Many weeks and log file combings after The Great Anti-Scrape Off started it's become quite obvious that the effort was an enormous success.
The last bit of technology was deployed a couple of nights ago to challenge robots masking as humans seems to be stopping the last of them so it would appear that my site is now reasonably safe from typical crawlers and bots.
If someone has access to 10,000 IP addresses all bets are off but most scraping and crawling operations, except those that appear to be hiding behind AOL, seem to have fairly limited resources.
The last couple of tricks deployed include:
- Multiple checkpoint profiling to identify bots masquerading as humans
- Randomized challenge techniques with anti-blow-thru detection so that the typical captcha defeating techniques won't work
- Adaptive time monitoring for hit and run bots that seem to think they can get small chunks at a time and come back later under the radar for the next chunk
There may be other things going on out there in the wonderful world of scraping but it would take a fairly sophisticated scraper to bust through what's now currently in place.
The technology seems to work fine so far with up to 30K page views a day but it would be interesting to see how it would perform with 100K or 1M page views a day. What might be a bit challenging is the current implementation does quite a bit of database churn but for a medium-sized sampling that's only tracking a few hundred visitors at any time which is fairly insignificant.
In the end my scraper stopper is only protecting my database of content so any crawler can access about 10 pages without question such as the home page, about us, contact us, etc. so it will be painfully obvious to them that they are being blocked from delving deeper into the site.
The benefit to this approach is that all of the hard rules being used to block access to the full content doesn't break access to other technologies like the RSS feed which appears to have all sorts of crappy homegrown readers that don't identify themselves.

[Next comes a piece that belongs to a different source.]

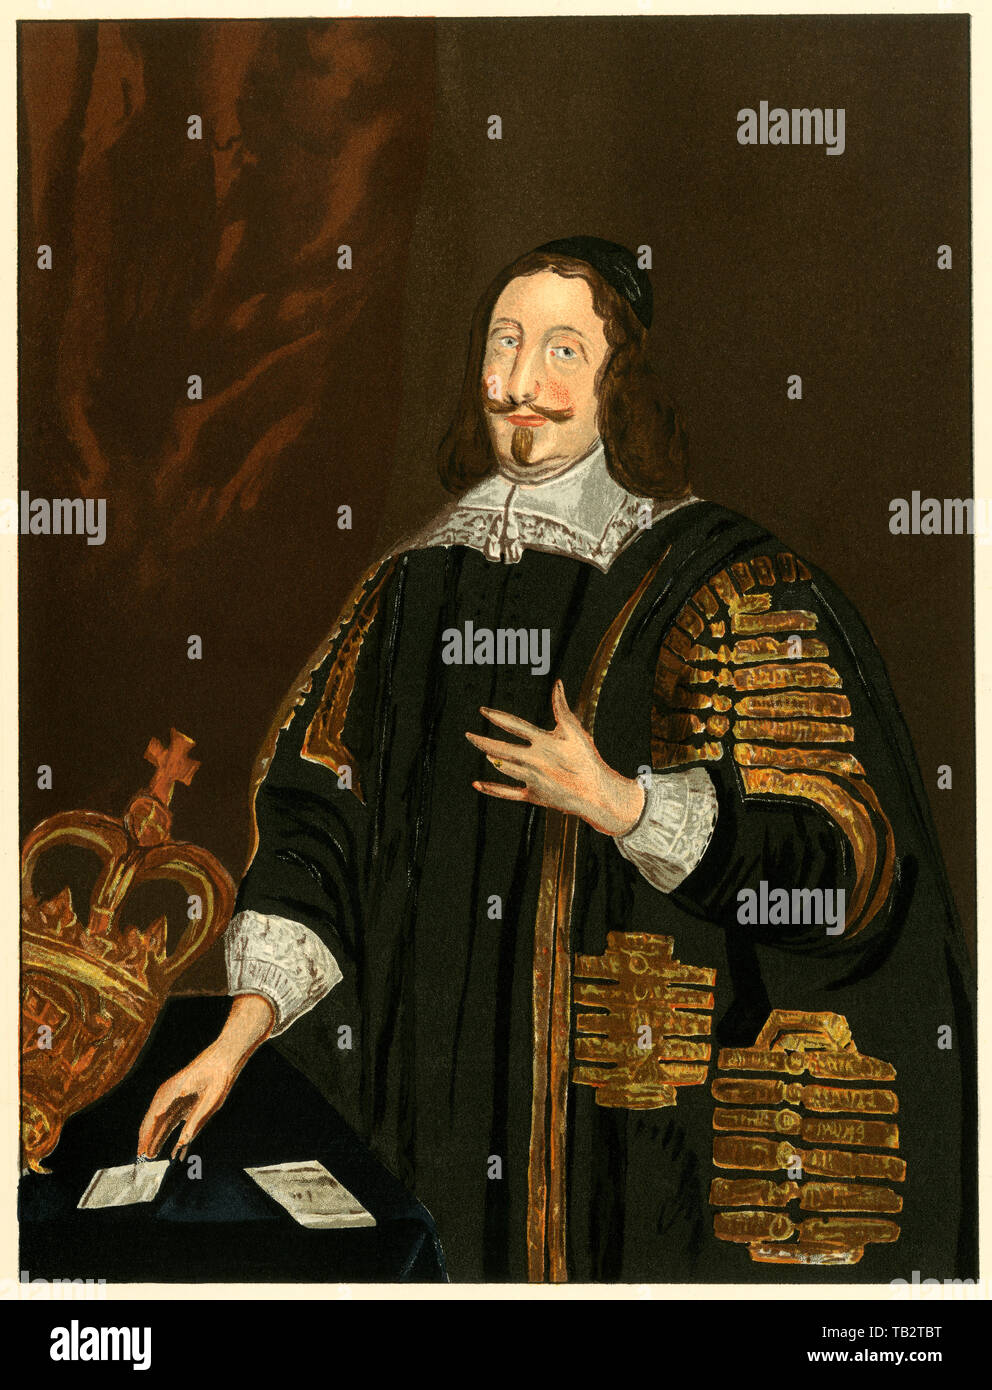 William Lenthall, altoparlante della House of Commons, 1600s. Litografia a colori da una copia da Thomas Athow nella biblioteca Bodleian Library Foto Stock

However, when the greedy homegrown readers try to behave like a crawler and step into the site to grab the content linked from the RSS feed they are blocked unless expressly whitelisted.
The additional benefit to allowing a handful of top level pages to be crawled is that the web site doesn't automatically drop out view of lesser search engines or up and coming technology which would happen with a more harsh approach using the .htaccess file blocking all access to any pages. Additionally, there is a nice message on every blocked page letting them know they're probably seeing that page because they are an unauthorized crawler and legitimate crawlers may contact the webmaster and petition for access.

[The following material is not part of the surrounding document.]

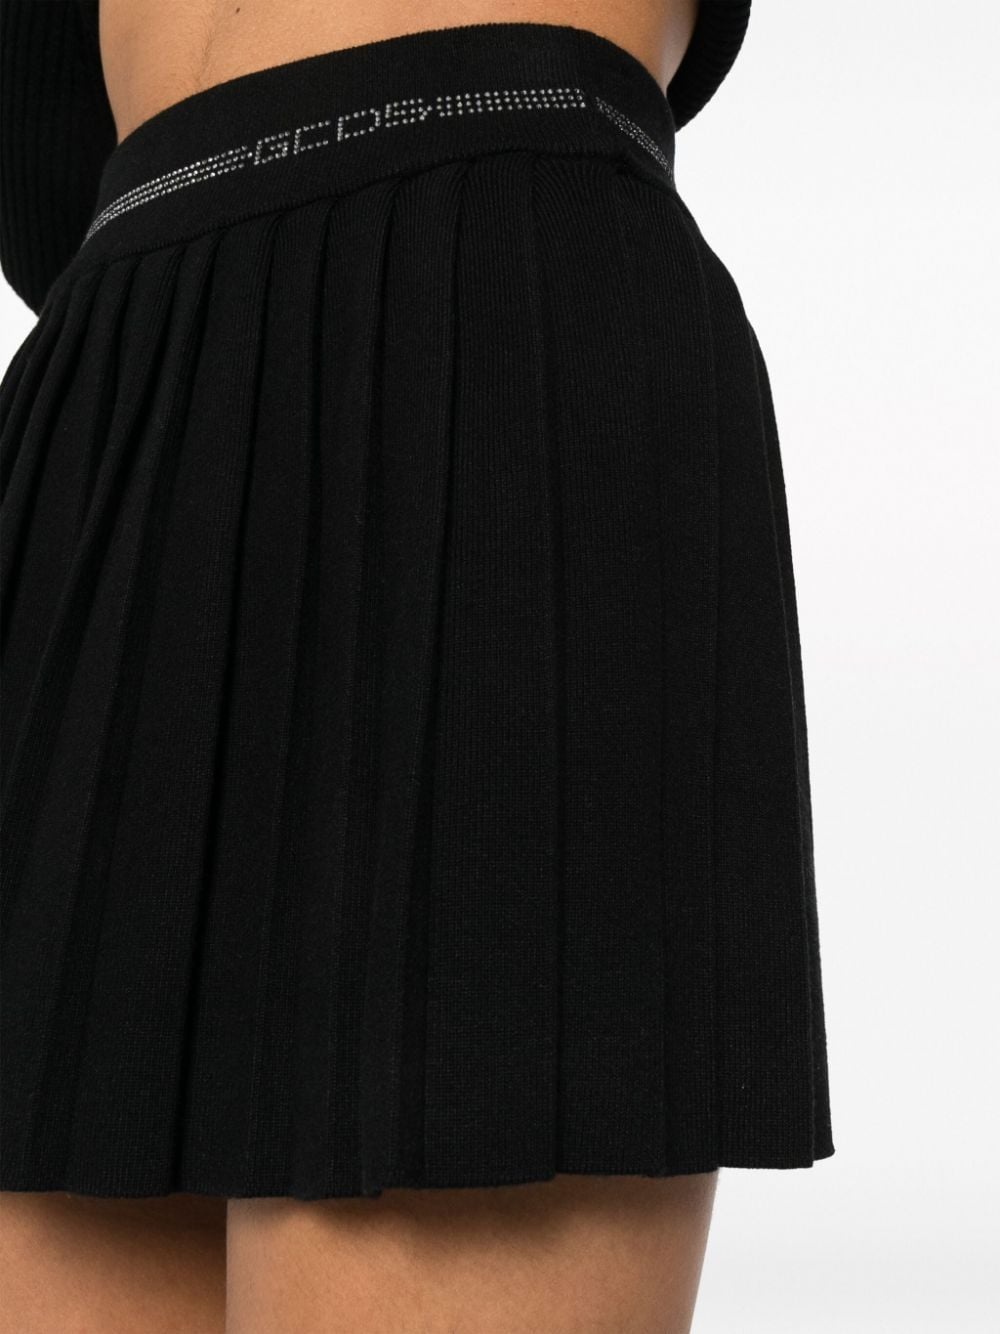 Bling pleated miniskirt - 5

Basically, my web site has become OPT-OUT to any aggregators, crawlers or scraping thieves and now they will need to ask for permission to be let inside and profit from my work. Assuming it's a mutually beneficial proposition then I'm sure I'll let them crawl the site.

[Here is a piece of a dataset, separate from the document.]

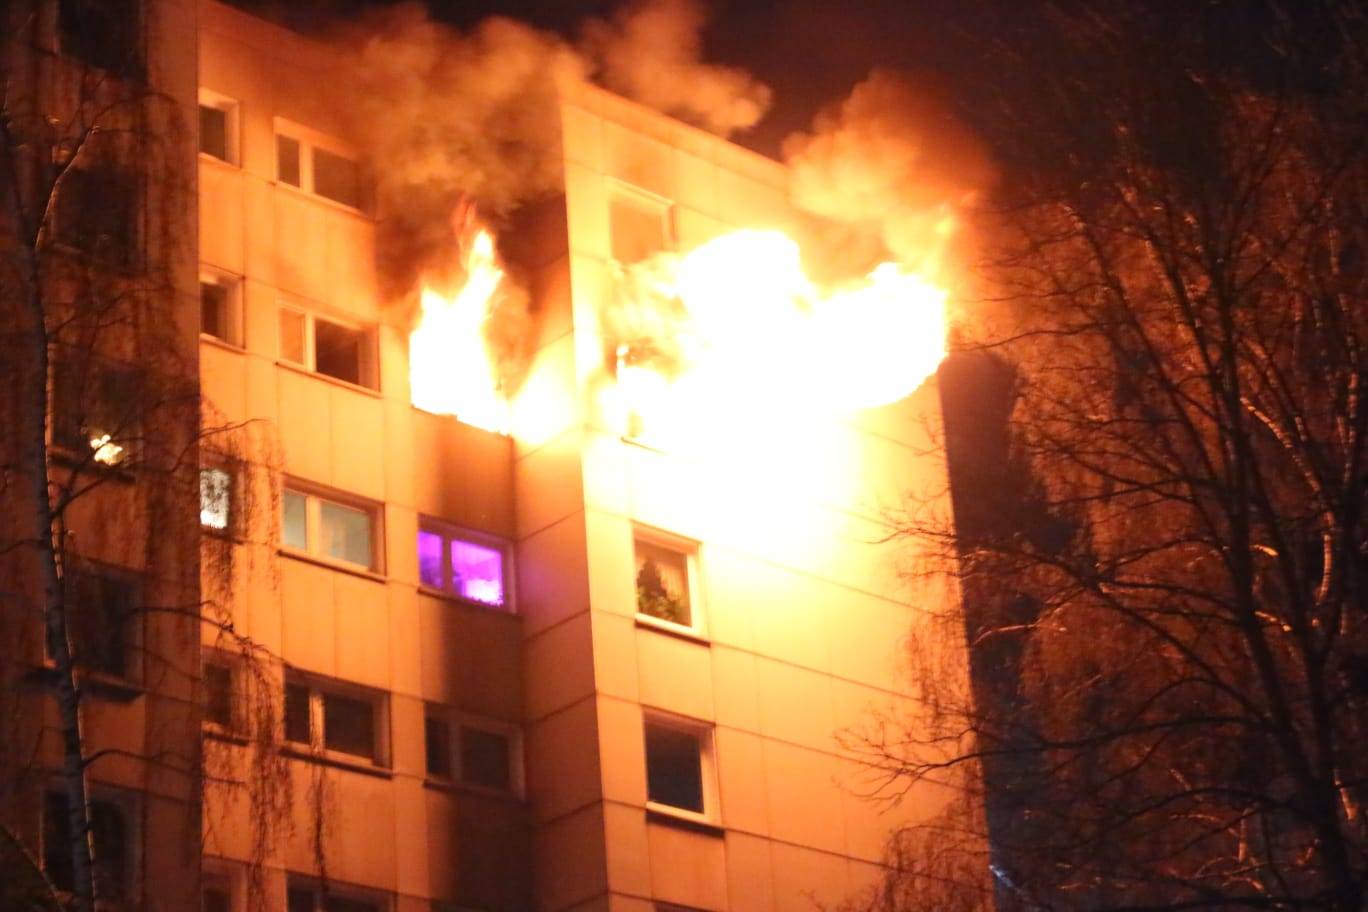 UPDATE: Großeinsatz wegen Brand in Elberfelder Hochhaus

Now comes the million dollar question of whether to convert this to PHP and attempt to find a market or just keep it under wraps and much less conspicuous so the scrapers can't study what I've done and find any loopholes in the technology to exploit.
One final thought:
Could you imagine an entire internet that is OPT-OUT from crawlers?
The ability for the next Google to crawl the web to prove their technology would be a severe challenge!